In arr below, there's two types of NaN filled chunks returned by Zarr.

from dask import array as darr
import numpy as np

arr = darr.from_zarr(""gs://pangeo-data/eNATL60-BLBT02X-ssh/sossheig/")

First, there's a chunk that is completely flagged missing in the data (chunk is over land in an Ocean dataset) but present on GCS (https://console.cloud.google.com/storage/browser/_details/pangeo-data/eNATL60-BLBT02X-ssh/sossheig/0.0.0) and Zarr correctly find all items marked as invalid:

np.isnan(arr.blocks[0, 0, 0]).mean().compute()
# -> 1.0

Then, there's a chunk (https://console.cloud.google.com/storage/browser/_details/pangeo-data/eNATL60-BLBT02X-ssh/sossheig/0.7.3) that is not present (at the time of writing this, I get a "load failed" and a tracking id from GCS) and Zarr returns all items marked invalid as well:

np.isnan(arr.blocks[0, 7, 3]).mean().compute()
# -> 1.0

How do I make Zarr raise an Exception on the latter?

cc: @auraoupa
related: pangeo-data/pangeo#691

The text was updated successfully, but these errors were encountered:

willirath · 2019-10-19T14:34:40Z

Looks like it's necessary to override

zarr-python/zarr/core.py

Line 1581 in e7708c9

except KeyError:

et al to make zarr raise on non-existing chunks?

jakirkham · 2019-10-19T14:51:50Z

Have you tried setting the fill value?

alimanfoo · 2019-10-19T22:20:42Z

Yes this is not currently supported, but would be straightforward to add. I've actually been thinking myself recently that this would be useful for very similar reasons, i.e., when you want to ensure that an exception is raised when trying to access data from a missing chunk. One way to achieve this could be to add a mechanism for activating this behaviour explicitly. E.g., something like: z = ... # some zarr array z.set_options(fill_missing_chunk=False) Thoughts and suggestions welcome.

…

On Sat, 19 Oct 2019, 15:34 Willi Rath, ***@***.***> wrote: Looks like it's necessary to override https://github.com/zarr-developers/zarr-python/blob/e7708c948d2c0ff91863d675c1072b0dfe9ce2a6/zarr/core.py#L1581 et al to make zarr raise on non-existing chunks? — You are receiving this because you are subscribed to this thread. Reply to this email directly, view it on GitHub <#486?email_source=notifications&email_token=AAFLYQXHM2WFRK5BDATMIDDQPMLIDA5CNFSM4JCPOTIKYY3PNVWWK3TUL52HS4DFVREXG43VMVBW63LNMVXHJKTDN5WW2ZLOORPWSZGOEBXRXRA#issuecomment-544152516>, or unsubscribe <https://github.com/notifications/unsubscribe-auth/AAFLYQXAROADSJEALO3X4YLQPMLIDANCNFSM4JCPOTIA> .

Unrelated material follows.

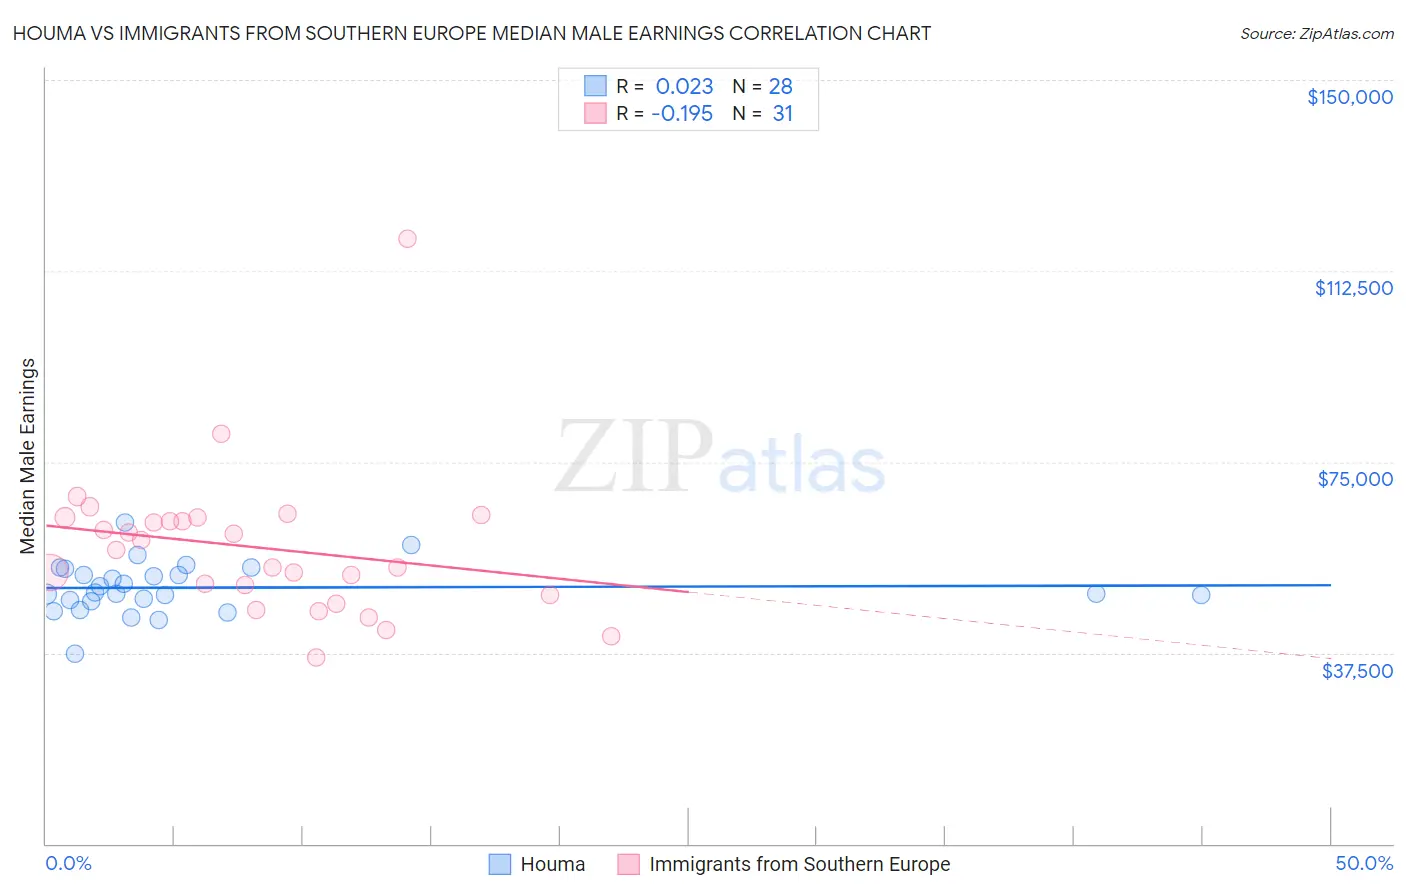 Houma vs Immigrants from Southern Europe Median Male Earnings

alimanfoo · 2020-03-24T17:28:10Z

Just to say that I still think this is a valid thing to address in zarr, but there could/should also be some work upstream in fsspec to ensure that KeyError is only ever raised by the store in the case where it is certain that the underlying file/object does not exist. If some other problem is encountered such as a transient error attempting to read the file/object, then fsspec should raise as some other kind of error, which would get propagated up through zarr. I've raised an issue here: fsspec/filesystem_spec#255

jakirkham · 2020-03-29T21:33:22Z

cc @martindurant

martindurant · 2020-04-01T12:35:30Z

(was fixed in fsspec/filesystem_spec#259 )

alimanfoo · 2020-04-01T12:42:44Z

Thanks @martindurant for the upstream fix.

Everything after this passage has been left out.